I f you could soar high in the sky, as red kites often do in search of prey, and look down at the domain of all things known and yet to be known, you would see something very curious: a vast class of things that science has so far almost entirely neglected. These things are central to our understanding of physical reality, both at the everyday level and at the level of the most fundamental phenomena in physics—yet they have traditionally been regarded as impossible to incorporate into fundamental scientific explanations. They are facts not about what is—“the actual”—but about what could or could not be. In order to distinguish them from the actual, they are called counterfactuals.
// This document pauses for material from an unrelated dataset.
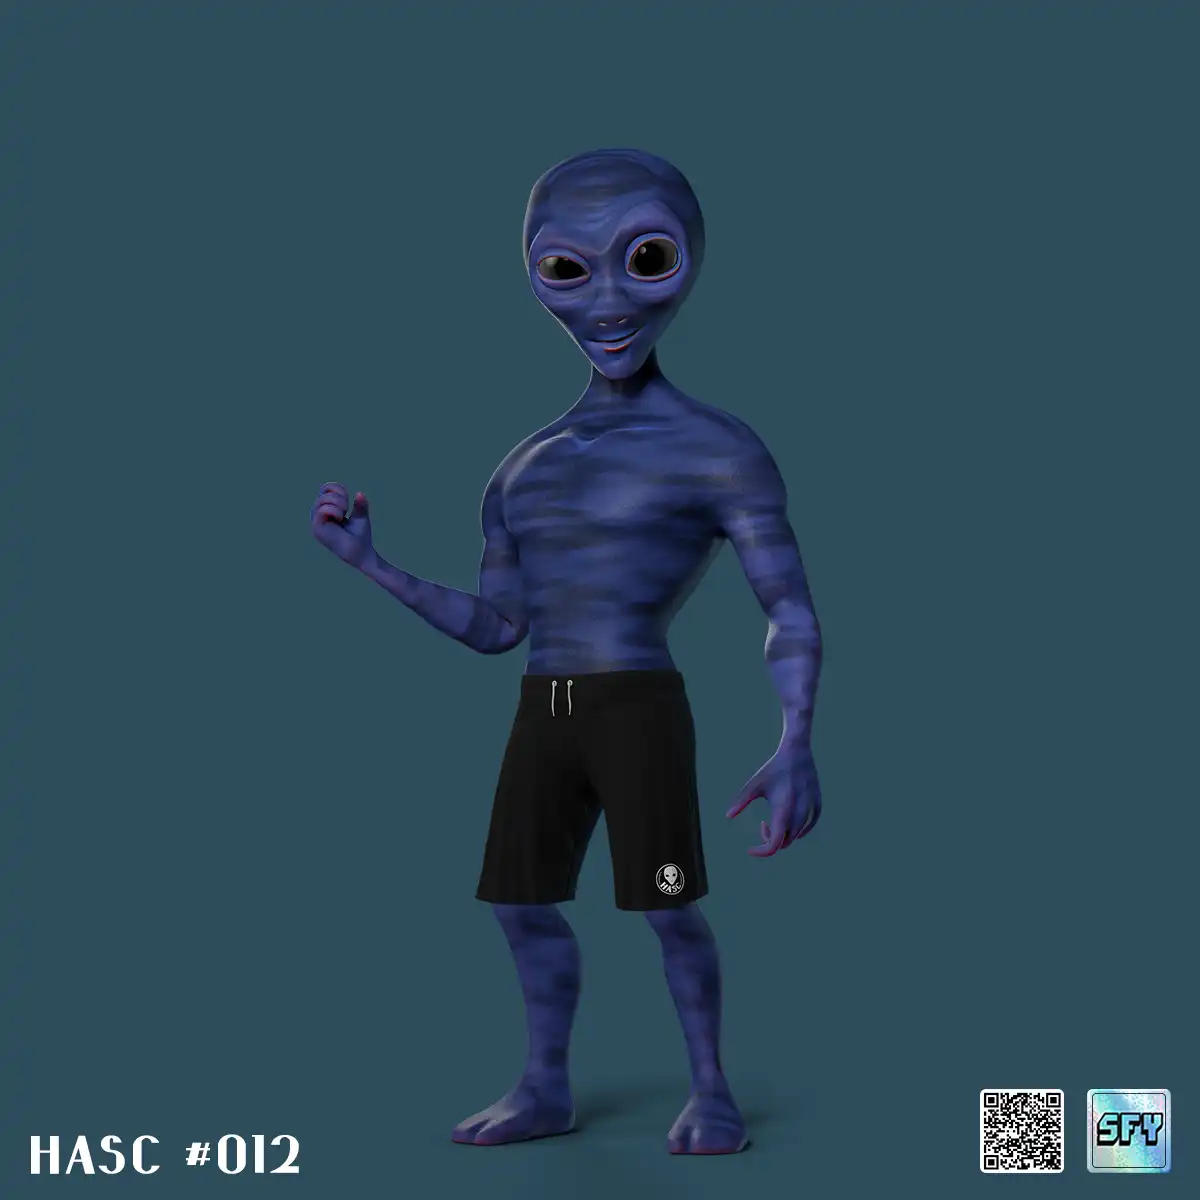 HASC Ordinals on Ordinal Hub | #613864

Suppose that some future space mission visited a remote planet in another solar system, and that they left a stainless-steel box there, containing among other things the critical edition of, say, William Blake’s poems. That the poetry book is subsequently sitting somewhere on that planet is a factual property of it. That the words in it could be read is a counterfactual property, which is true regardless of whether those words will ever be read by anyone. The box may be never found; and yet that those words could be read would still be true—and laden with significance. It would signify, for instance, that a civilization visited the planet, and much about its degree of sophistication.

To further grasp the importance of counterfactual properties, and their difference from actual properties, imagine a computer programmed to produce on its display a string of zeroes. That is a factual property of the computer, to do with its actual state—with what is. The fact that it could be reprogrammed to output other strings is a counterfactual property of the computer. The computer may never be so programmed; but the fact that it could is an essential fact about it, without which it would not qualify as a computer.